Digital quantification of p16-positive foci in fibrotic interstitial lung disease is associated with a phenotype of idiopathic pulmonary fibrosis with reduced survival

Authors: Jonathan Keow, Matthew J. Cecchini, Nathashi Jayawardena, Maurizio Zompatori, Mariamma G. Joseph, Marco Mura

Published in: Respiratory Research | Issue 1/2022

Abstract

Background

Idiopathic pulmonary fibrosis (IPF) is associated with increased expression of cyclin-dependent kinase inhibitors such as p16 and p21, and subsequent induction of cell cycle arrest, cellular senescence, and pro-fibrotic gene expression. We sought to link p16-expression with a diagnosis of IPF or other fibrotic interstitial lung diseases (ILDs), radiographic pattern, senescent foci-specific gene expression, antifibrotic therapy response, and lung transplant (LTx)-free survival.

Methods

Eighty-six cases of fibrosing ILD were identified with surgical lung biopsy. Immunohistochemistry for p16 was performed on sections with the most active fibrosis. p16-positive foci (loose collection of p16-positive fibroblasts with overlying p16-positive epithelium) were identified on digital slides and quantified. Cases were scored as p16-low (≤ 2.1 foci per 100 mm²) or p16-high (> 2.1 foci per 100 mm²). Twenty-four areas including senescent foci, fibrotic and normal areas were characterized using in situ RNA expression analysis with digital spatial profiling (DSP) in selected cases.

Results

The presence of p16-positive foci was specific for the diagnosis of IPF, where 50% of cases expressed any level of p16 and 26% were p16-high. There was no relationship between radiographic pattern and p16 expression. However, there was increased expression of cyclin-dependent kinase inhibitors, collagens and matrix remodeling genes within p16-positive foci, and cases with high p16 expression had shorter LTx-free survival.

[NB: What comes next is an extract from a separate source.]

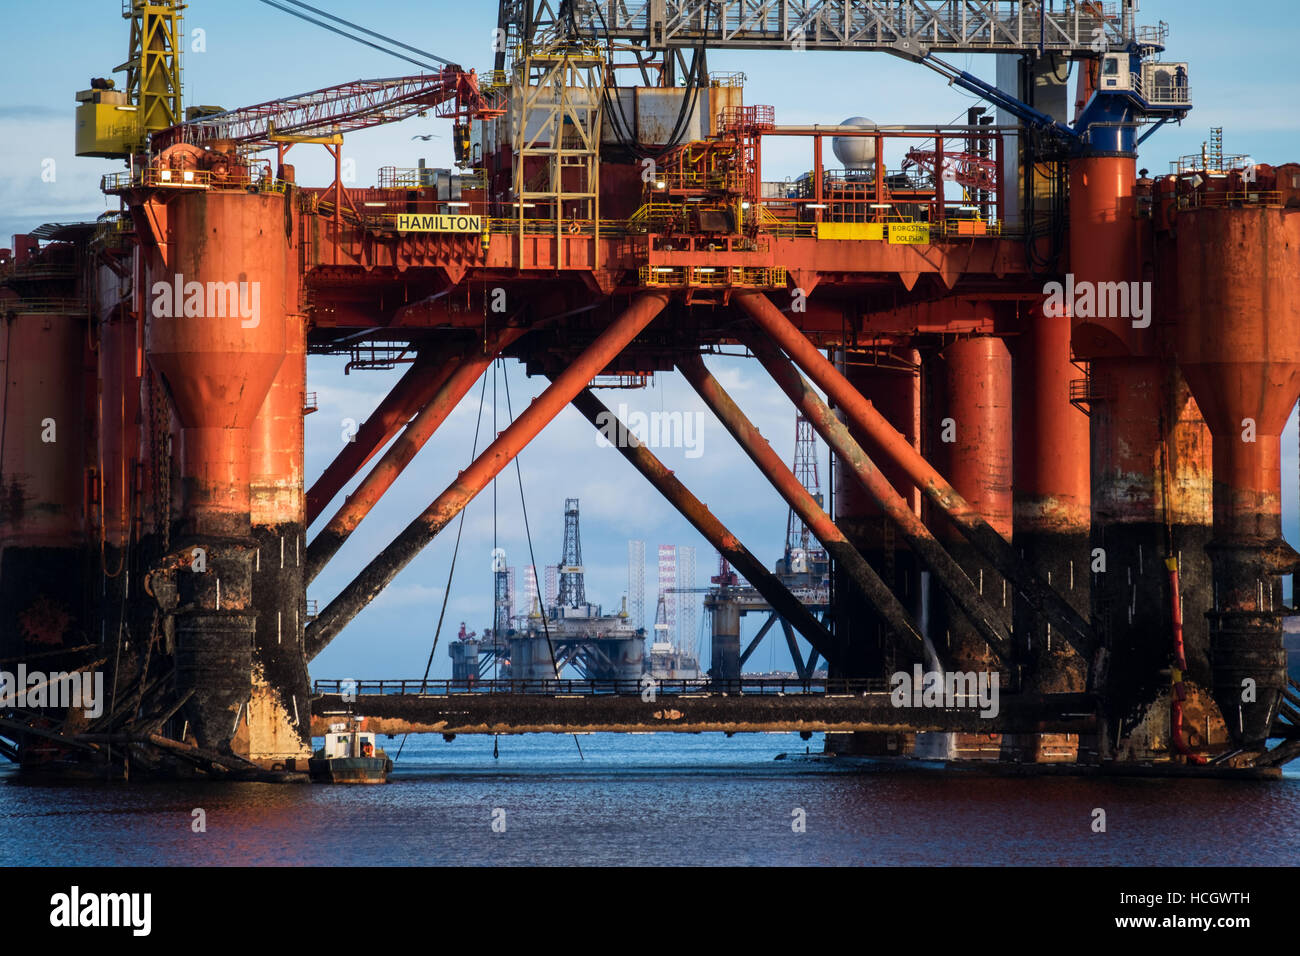 Drilling Platform, Borgsten Dolphin, in Invergordon, Scotland Stock Photo
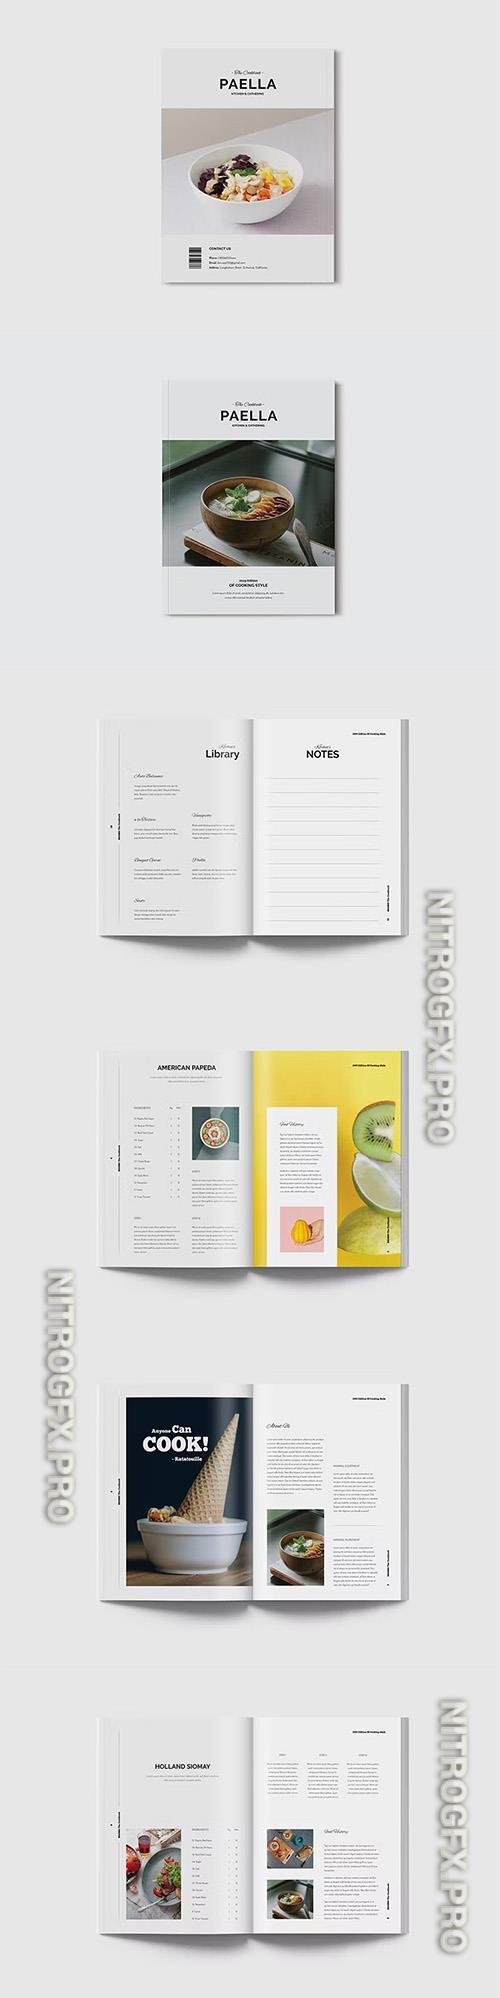 Cookbook / Recipebook Template INDD

On the other hand, antifibrotic therapy was significantly protective. DSP demonstrated that fibroblastic foci exhibit transcriptional features clearly distinct from that of normal-looking and even fibrotic areas.

Conclusions

We demonstrated the potential clinical applicability of a standardized quantification of p16-positive fibroblastic foci. This method identifies an IPF phenotype associated with foci-specific upregulation of senescence-associated and matrix remodeling gene expression. While these patients have reduced LTx-free survival, good response to antifibrotic therapies was observed in those who were treated.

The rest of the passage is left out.